Generally, courts will enforce a restrictive covenant if it protects information that is confidential to the employer and is set within realistic geographical limits over a reasonable time period. In Pat Systems v Neilly, however, the High Court said that if the covenant was unenforceable when first entered into, it could not subsequently be revived unless that was clearly the intention of the parties.

Basic facts

When Mr Neilly started work with Pat Systems in 2000 as an account manager, he signed a contract of employment containing a restrictive covenant in clause 8.1. This stated he could not work for a competitor for 12 months after leaving the company.

In 2005 he was promoted and signed an amended agreement which stated that, apart from an increase in salary and an extension to the length of notice he had to give, all other terms and conditions set out in the agreement he signed in 2000 remained the same.

On 2 April 2012, he handed in his letter of resignation, giving three months’ notice. He told the chief executive that he had accepted a job offer from a business operating in broadly the same market as Pat Sytems.

Mr Webber said that Mr Neilly was prevented by clause 8.1 from doing so and summarily dismissed him. The company then applied to the HIgh Court for an injunction to force him to comply with the restrictive covenant. For his part, Mr Neilly brought a counterclaim for wrongful dismissal.

High Court decision

The High Court dismissed the claim by Pat Systems, holding that it could not enforce clause 8.1, given the status and responsibilities that Mr Neilly had when he first started work for them in 2000 which meant that the covenant was unreasonable at that time.

For the covenant to be effective the company needed to have entered into a new one with him in 2005 or at least asked him to sign a fresh agreement with the same covenant in it. As the company did not do either of those things, it could not now enforce it.

The court said that a general acknowledgment by Mr Neilly that his previous terms "remain unchanged" could not be construed as an agreement to reinstate a term which was a nullity. “If a restrictive covenant is void when initially entered into, it is wrong that it should be, so to speak, revived save where that is unequivocally the contractual intention”.

In any event, the judge held that the clause went further than was reasonably necessary to protect the legitimate interests of the company.
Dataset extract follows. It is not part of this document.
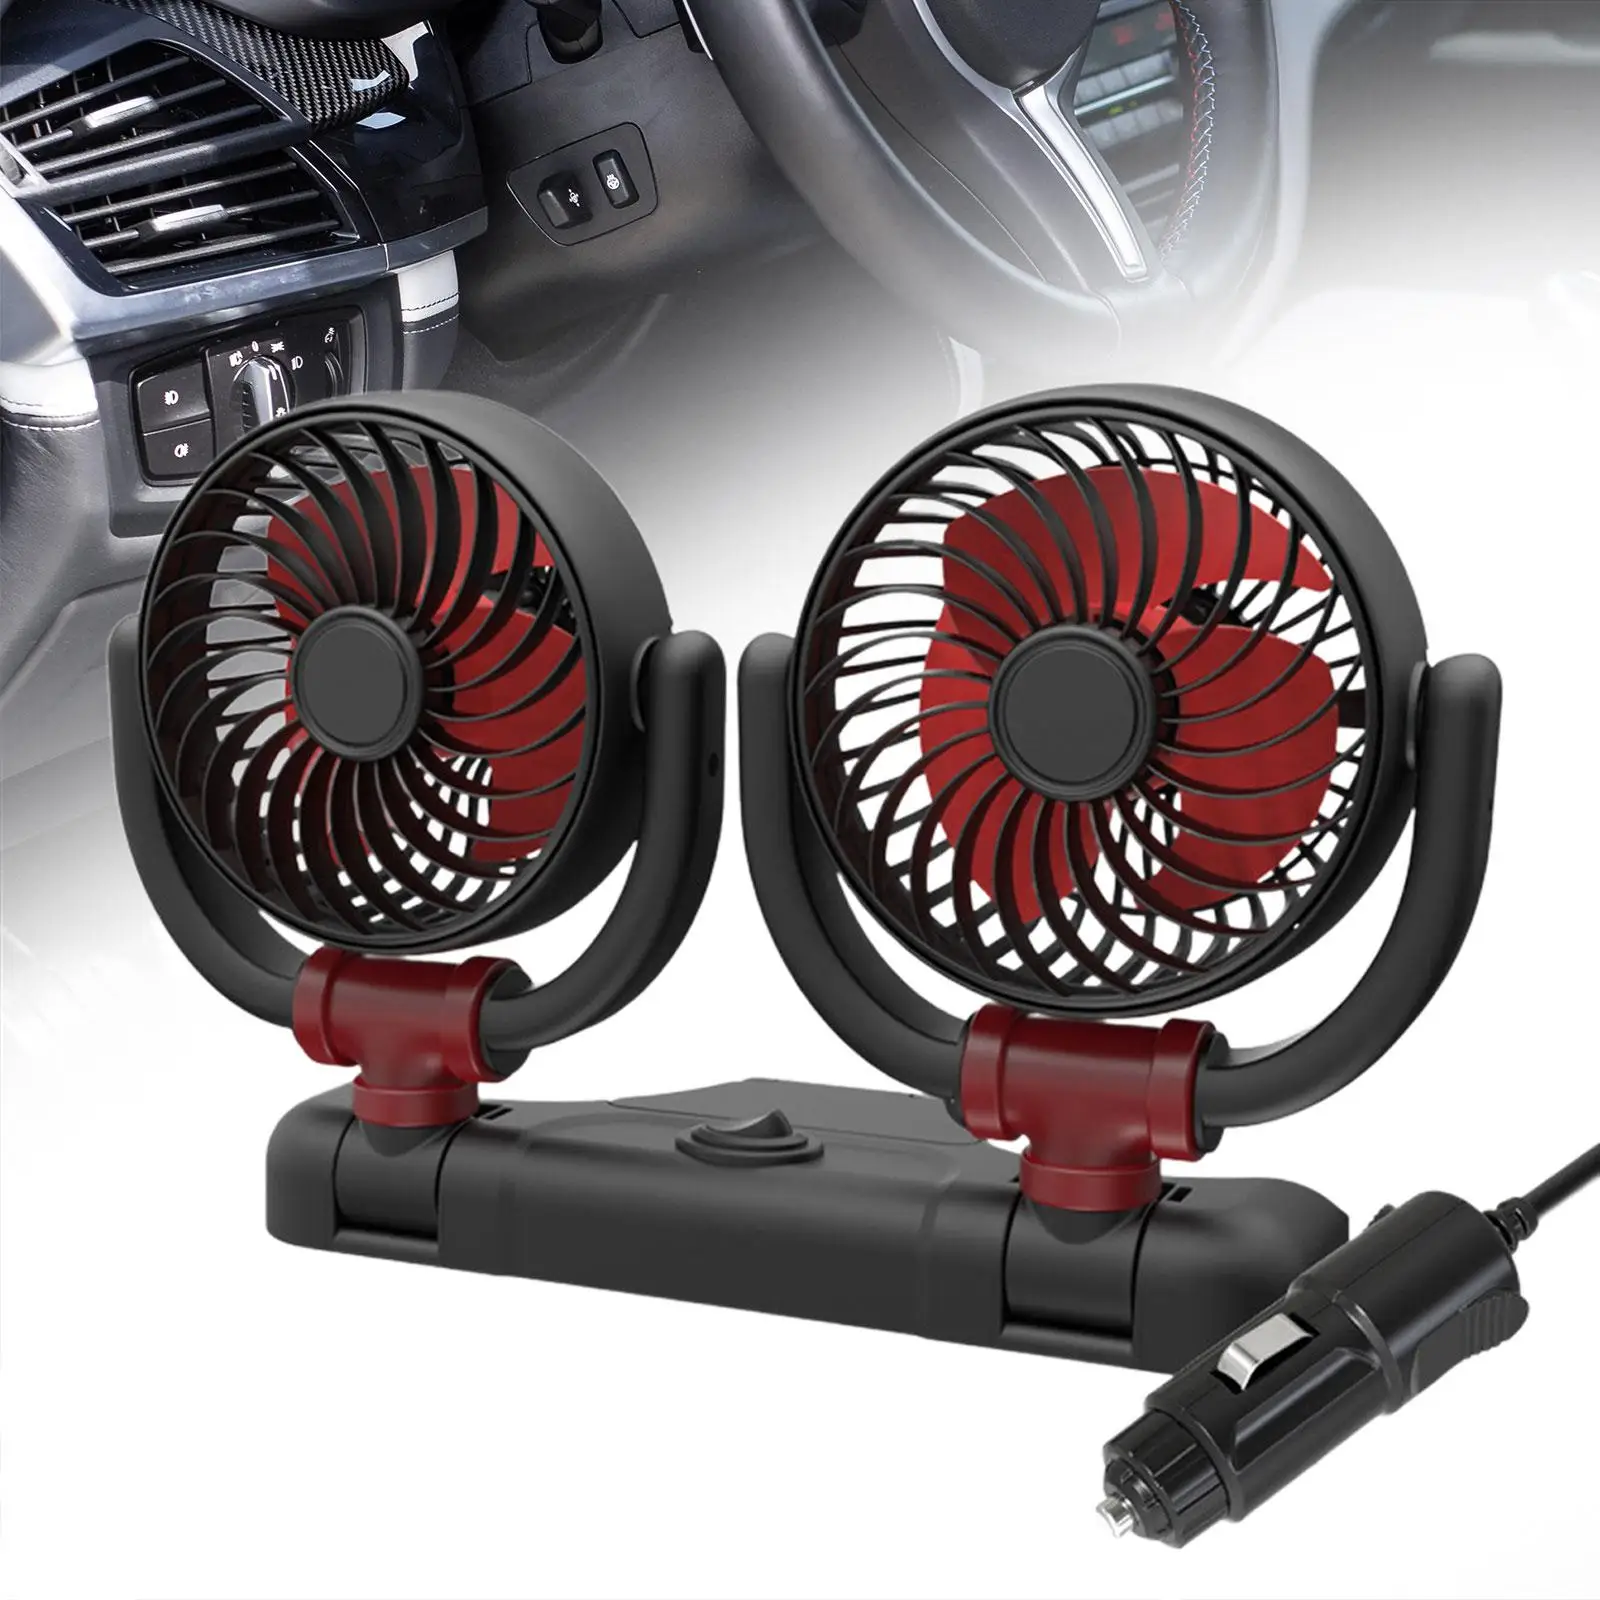 Dual Head Car Fan Portable Car Cooling Air Fan for Dashboard Home RV

Having regard to the nature of the market in which the company operated, neither the trade connections which Mr Neilly had developed nor the confidential information of which he was aware required protection for that length of time. Instead a period of six months would have been sufficient.

As contracts are often varied over their lifetime, the court pointed out that it would be “very undesirable” if every change could revive a defunct restrictive covenant. Employees, it said, are entitled to know their position when they agree to a restrictive covenant and should not have to keep reassessing their situation.
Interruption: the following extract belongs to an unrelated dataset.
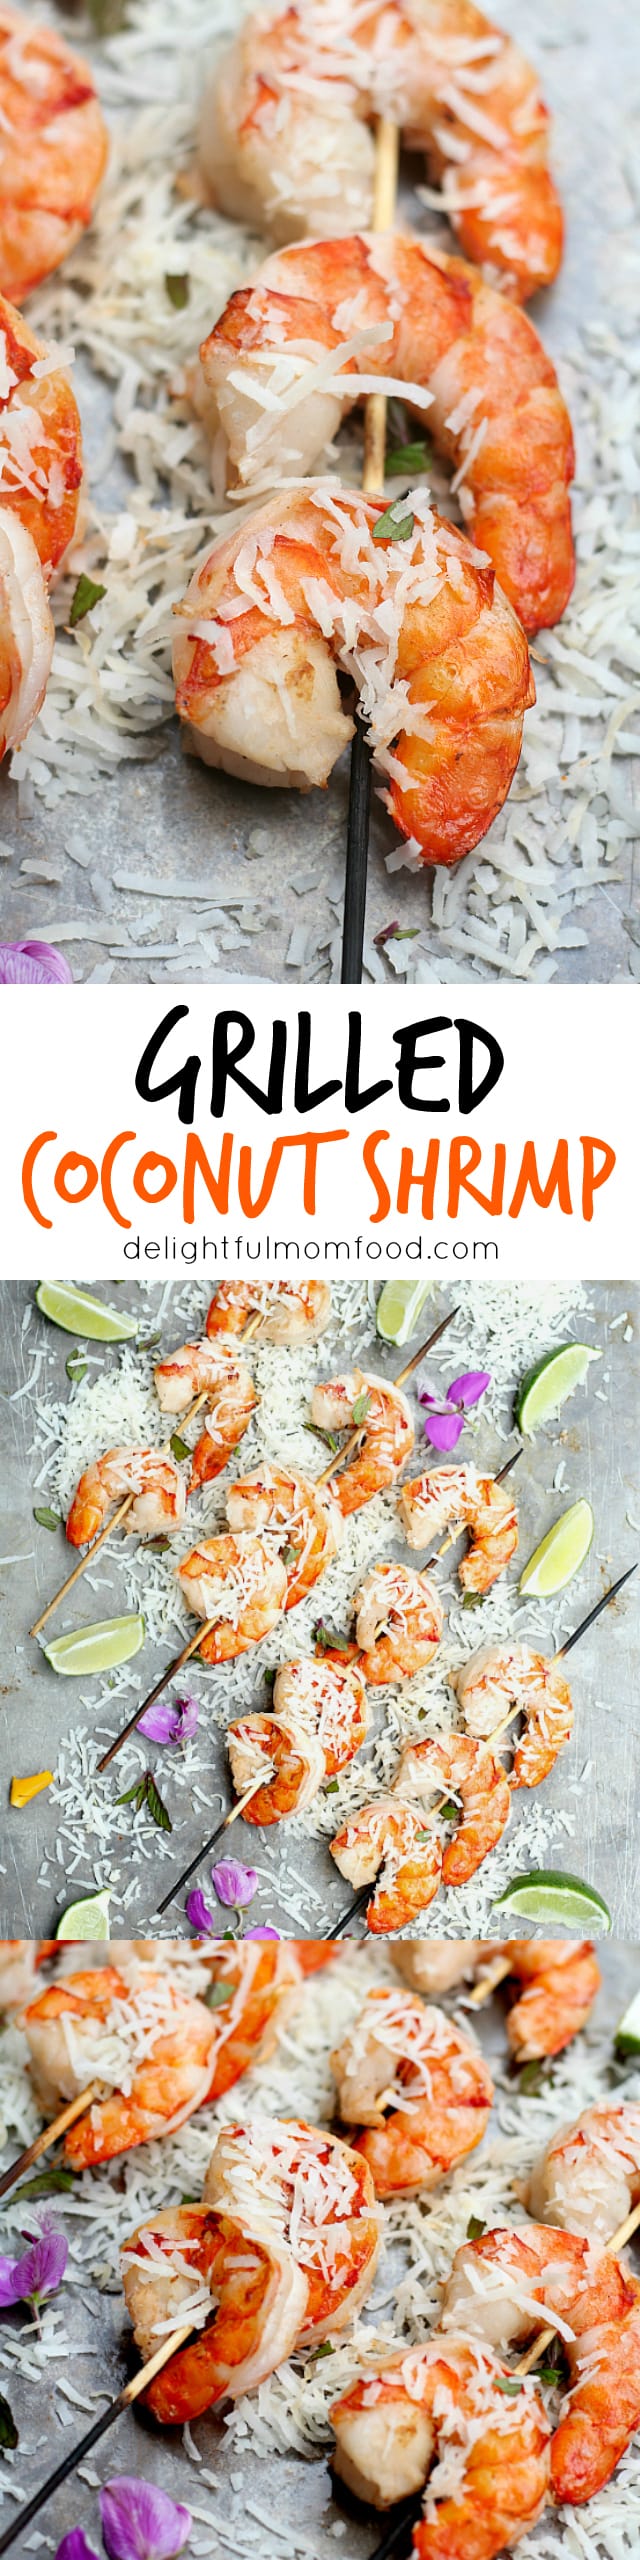 Coconut milk shrimp skewers recipe

Likewise, employees should not have to survey their whole employment history when they start thinking about changing their job in order to figure out whether an initially unreasonable contract could have “changed its character”.

The court added that: “If this conclusion means that employers will have to take more care in considering whether promotion or some other substantial change in an employee's terms or circumstances require an explicit reconsideration of what restrictive covenants are reasonable, that is probably a healthy discipline”.